For CSMA/CD Protocol formula of minimum packet size 

L >= 2*T_p*B 

where B is the bandwidth and T_p is the propagation delay which is D/V D is the distance and V is the velocity that signal travels through the wire so by putting all these values we get that L>= 200 bits which is L>= 25 bytes 

Ans D

Answer 3

In CSMA/CD, the transmitting node is listening for collisions while it transmits it's frame.
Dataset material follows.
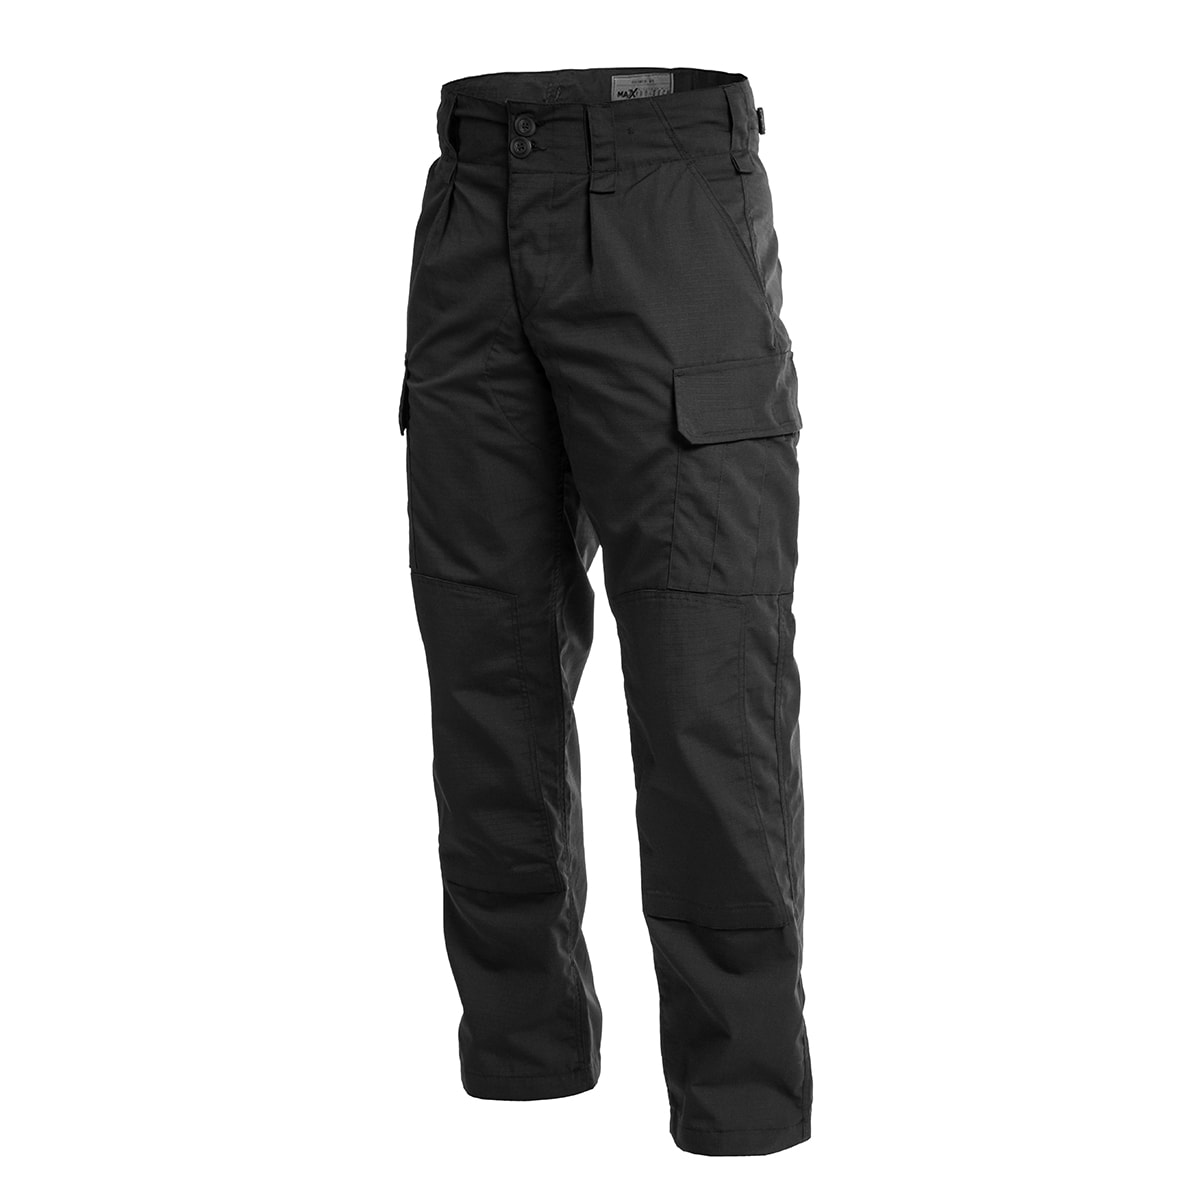 Spodnie mundurowe MaxPro-Tech WZ 2010 Rip-Stop - Black

Once it has finished transmitting the final bit without hearing a collision, it assumes that the transmission was successful. In this worst-case collision scenario, the time that it takes for a Node to detect that its frame has been collided with is twice the propagation delay. Hence to confirm that the collision has not occurred the condition for the minimum size of the packet is:

 

RTT = 2 * Propagation Time

Transmission Time = Length of packet / Bandwidth

RTT = 2 (d/v) = 2(2000/2×10⁸) 

Therefore to find minimum size of the packet, 

RTT <= Length of packet / Bandwidth

Length of packet >= RTT x Bandwidth

                         = 2(2000/2×10⁸) x 10⁷ = 200bits = 25bytes

 

Therefore, minimum size of the packet = 25bytes

Comments

RTT = 2* Propagation Time

Answer 4

L/B=2D/V ( we are using 2 because we want minimum packet size)

L=(2*B*D)/V

2*(10^7)/8 * 2000/2*10^8

=>25 bytes

so the answer is D